Redis Lists As Wget Queues
How to improve your daily scripting and automatable tasks w/ redis lists
Recently I’ve been skimming through texts I can find on
Anna’s Archive, and one of the problems I’ve been
having is that the free, slower servers will limit requests to just one
concurrent download per client. So let’s say I want to download a bunch of
books, in order to do that manually I would have to wait for each download to
finish before I can enter the next wget.
A better way to do this is to enlist queues, where one background worker waits for new URL’s to be added to the queue. Such a technique can easily be implemented with Redis lists. Here’s an example:
1
redis-cli RPUSH "https://annas-archive.se/.../book_one.epub" "https://annas-archive.se/.../book_two.epub" ...

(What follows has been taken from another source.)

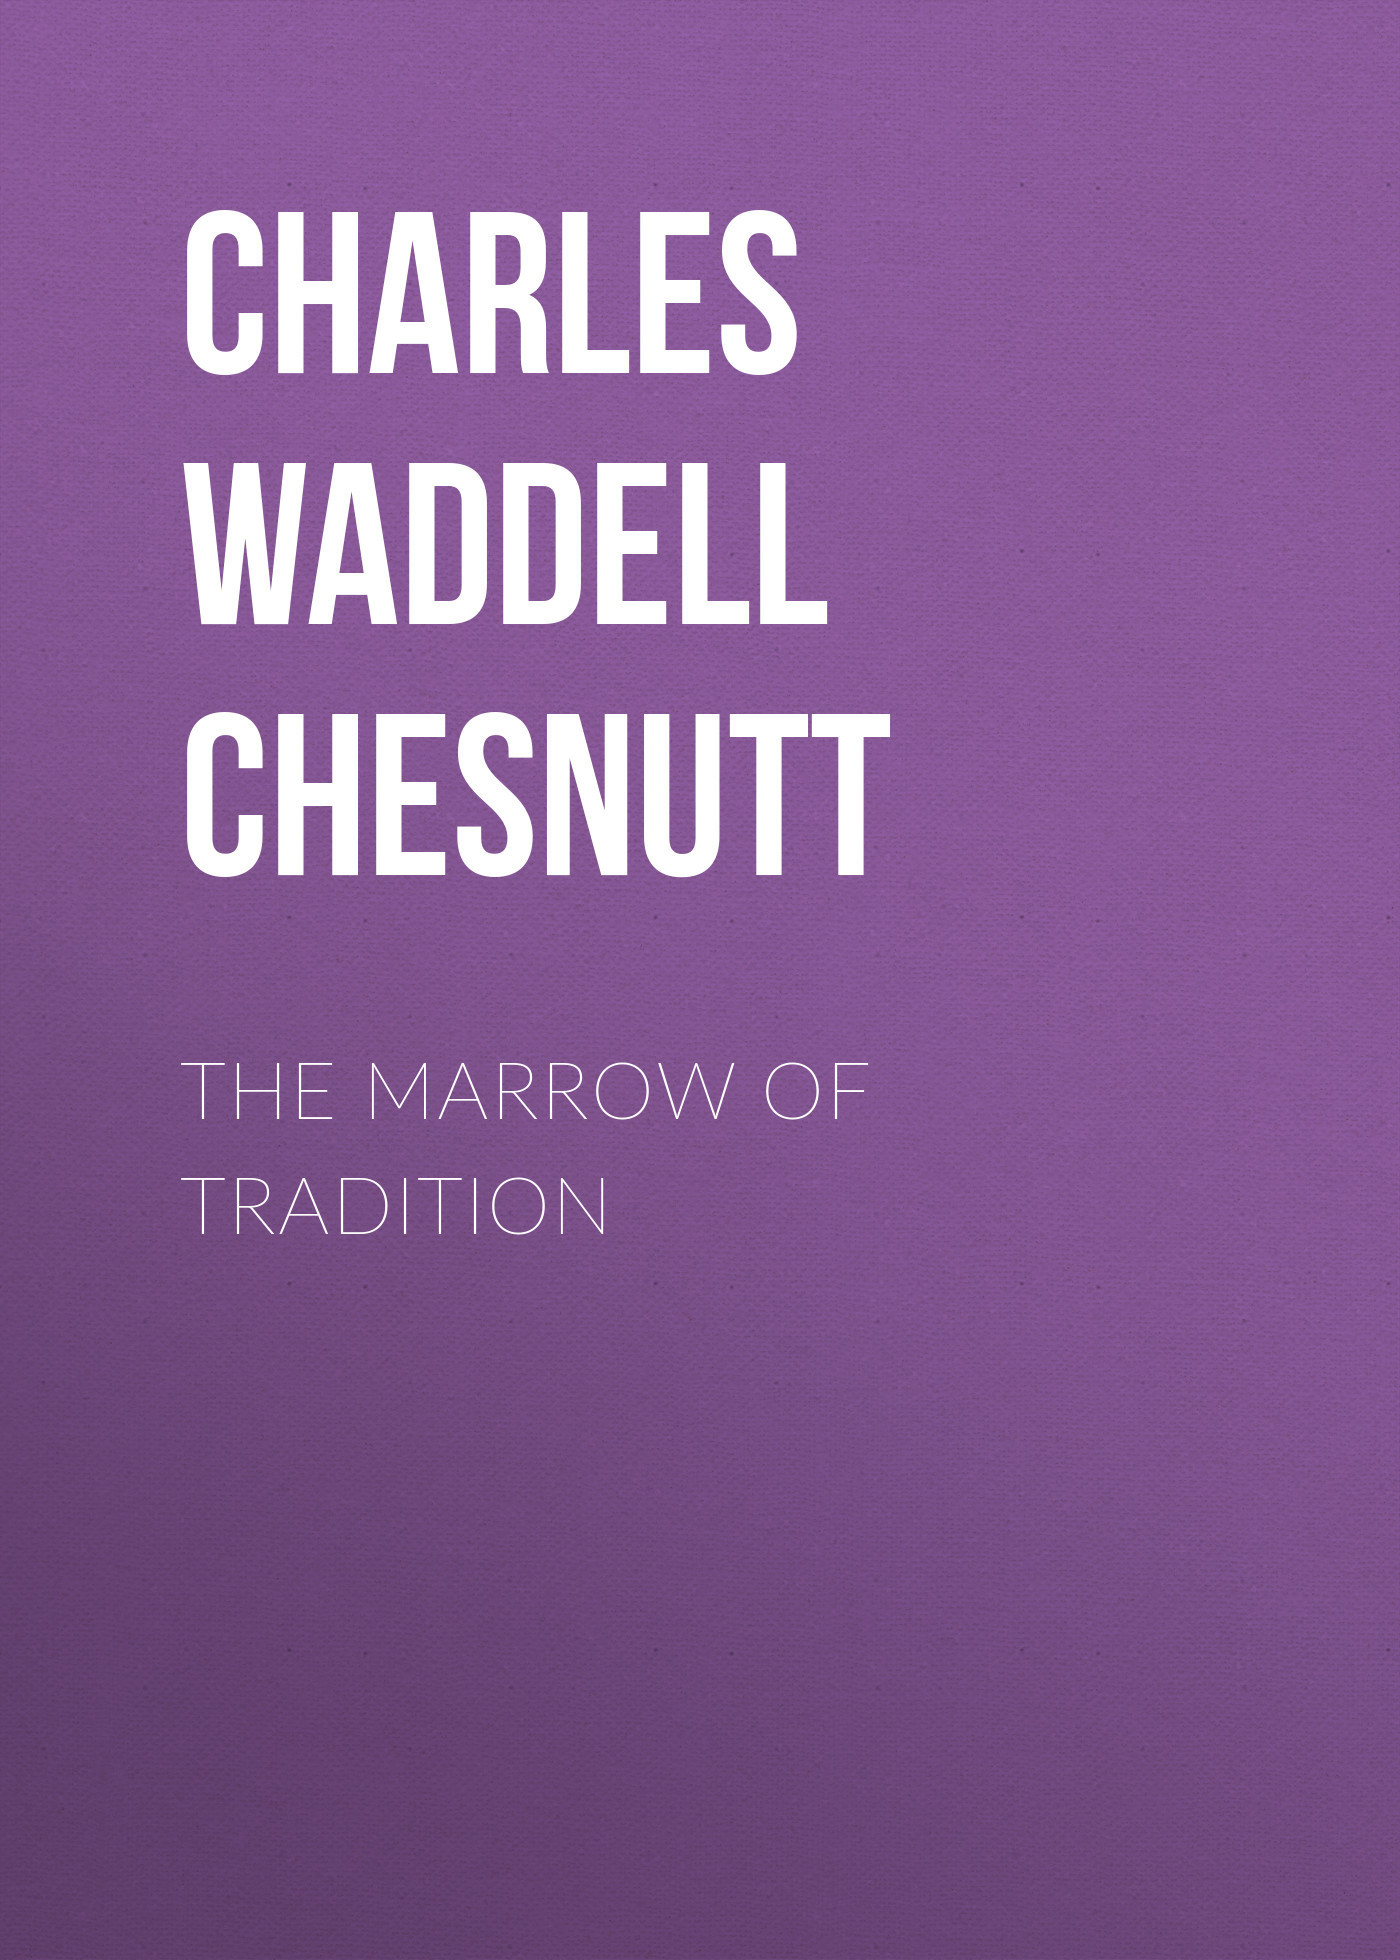 Charles Waddell Chesnutt The Marrow of Tradition charles perrault kuldjuustega kaunitar

And then in the background I run a script like this:
1
2
3
4
5
6
7
8
9
10
11
12
13
14
15
16
#!/bin/bash
while :; do
url=$(redis-cli LINDEX archive 0)
if [[ -n "$url" && "$url" != "(nil)" ]]; then
file="file.${url##*.}"
if wget "$url" -O "$file"; then
calibredb add "$file" --with-library /mnt/das/calibre
echo "Added $url"
else
echo "Failed to add $url"
fi
redis-cli LPOP archive
fi
sleep 30
done
From then on, as long as I leave the background script running I can download
from the archive without having to keep track of when downloads finish. All I
have to do is run redis-cli RPUSH commands and the worker takes care of the
rest. This technique also comes with the benefit that if I want to cancel
downloads but save them for later they’ll remain in the queue.